▶ _Required work_: After removing every image, reproduce the data exactly as it appears.

▶ _Provided material_:
--- START ---

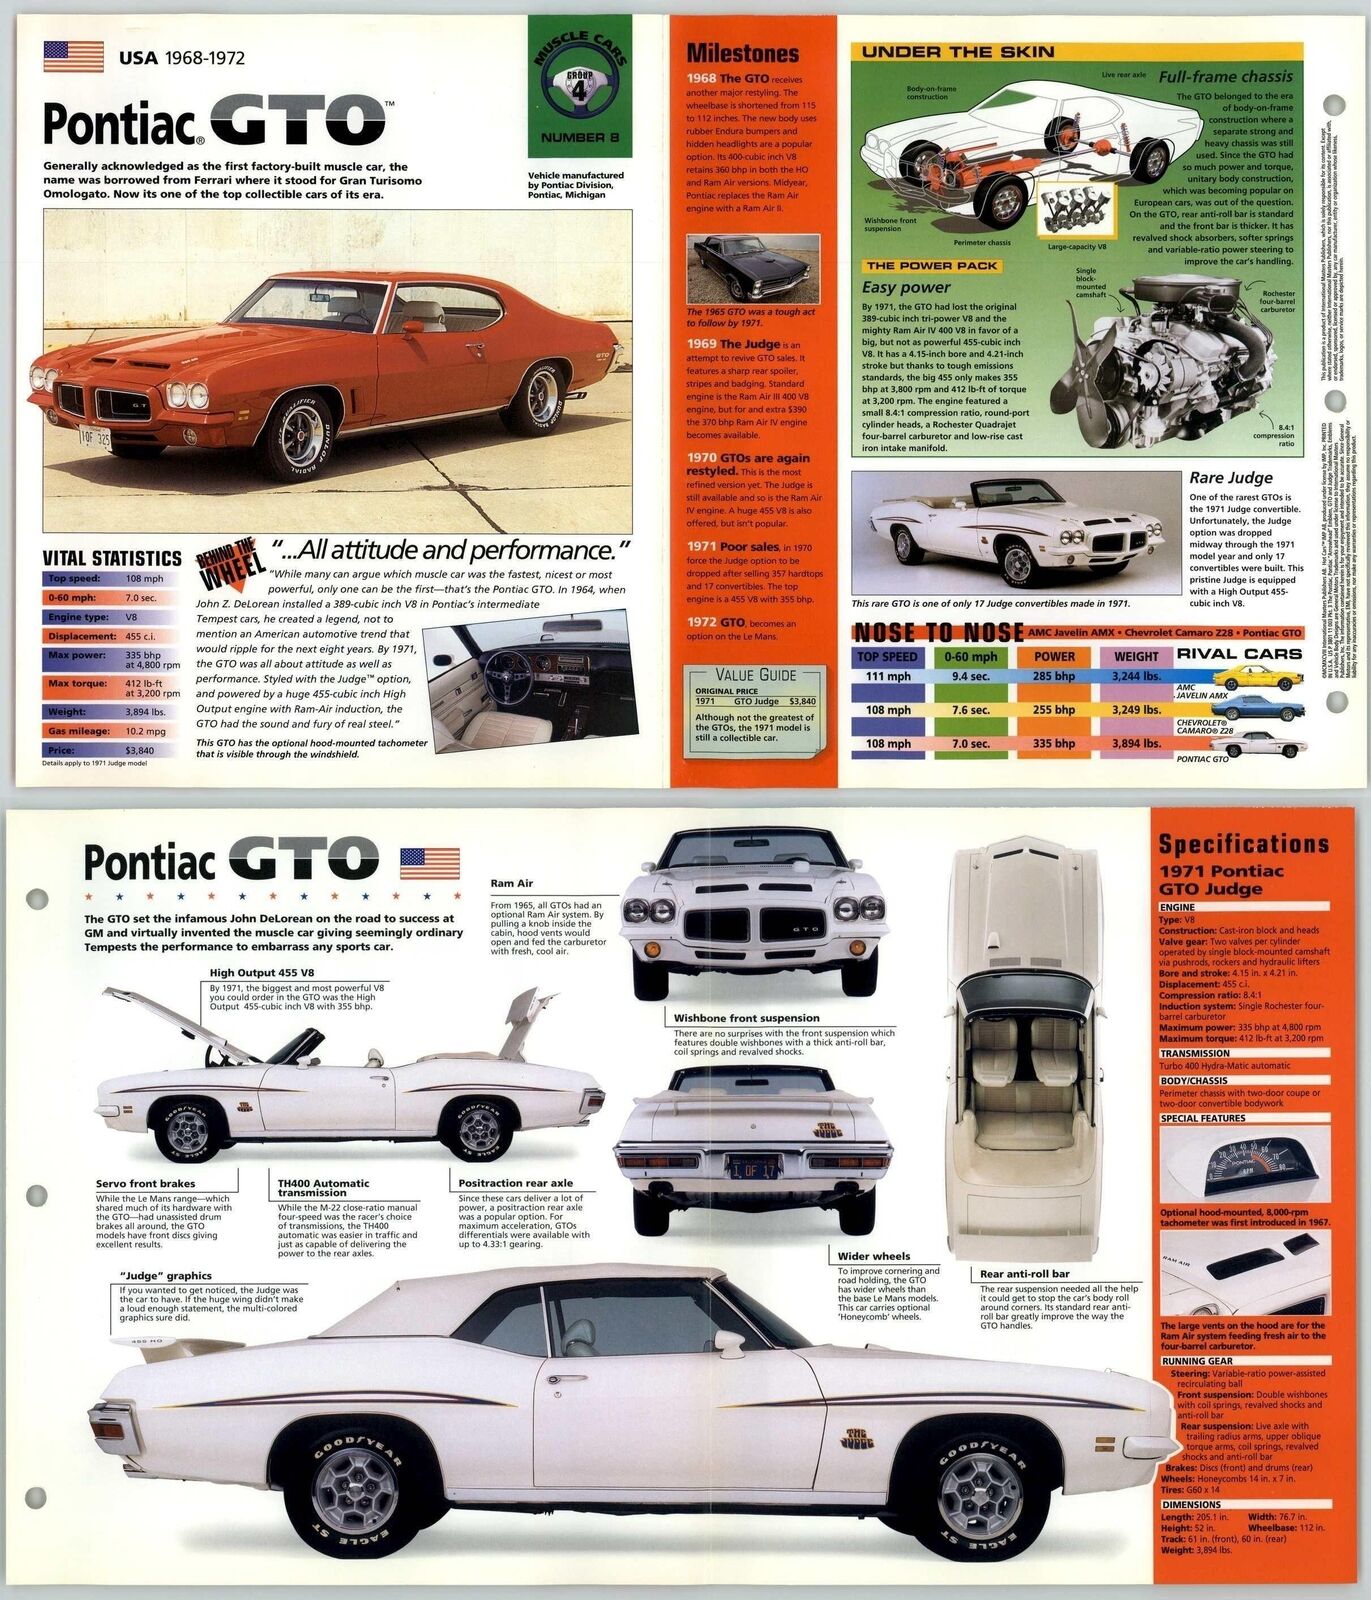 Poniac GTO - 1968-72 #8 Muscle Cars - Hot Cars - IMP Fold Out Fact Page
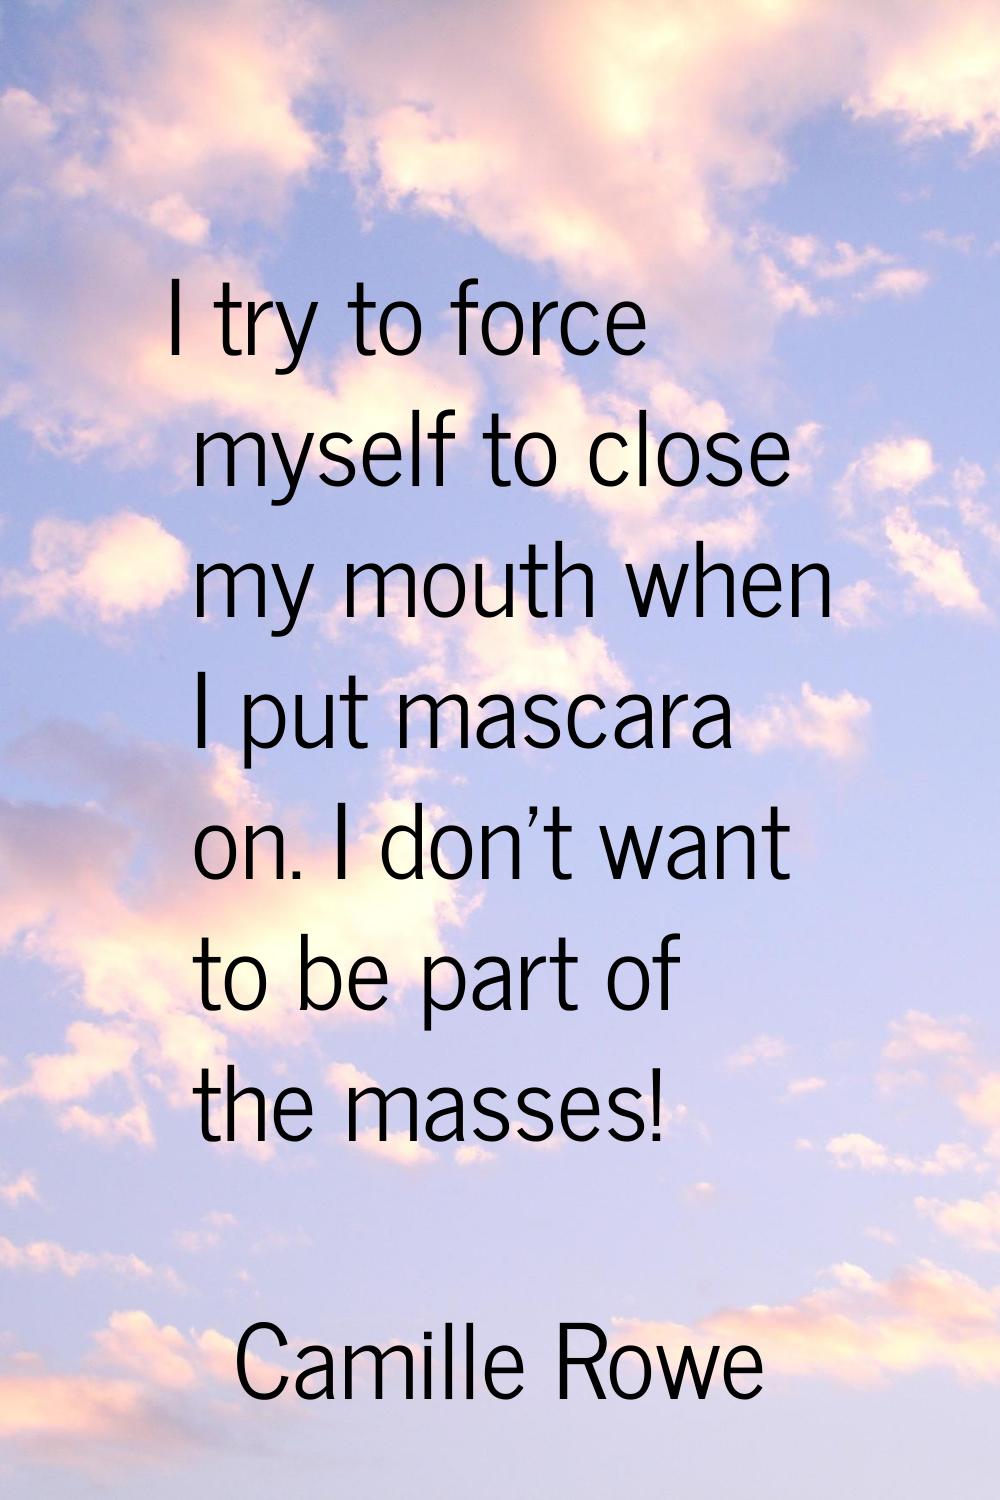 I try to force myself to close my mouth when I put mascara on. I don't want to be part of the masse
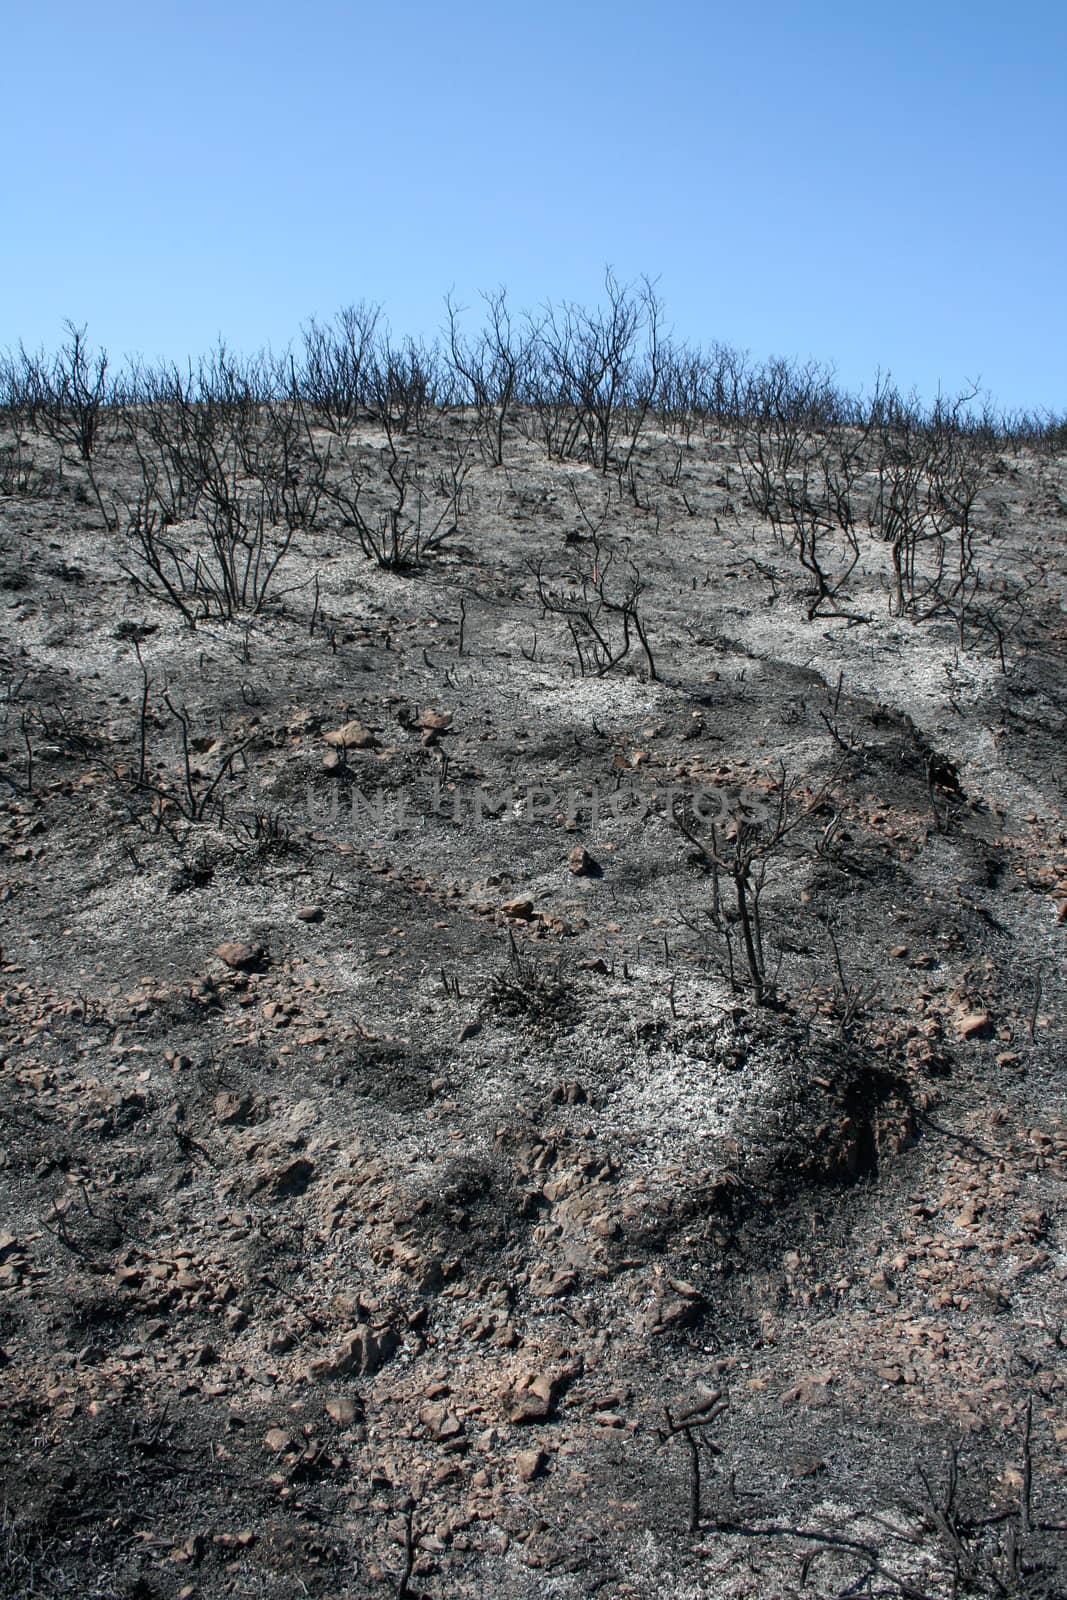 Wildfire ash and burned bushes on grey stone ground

--- END ---

▶ _Output below_:
 Poniac GTO - 1968-72 #8 Muscle Cars - Hot Cars - IMP Fold Out Fact Page
 I try to force myself to close my mouth when I put mascara on. I don't want to be part of the masse
 Wildfire ash and burned bushes on grey stone ground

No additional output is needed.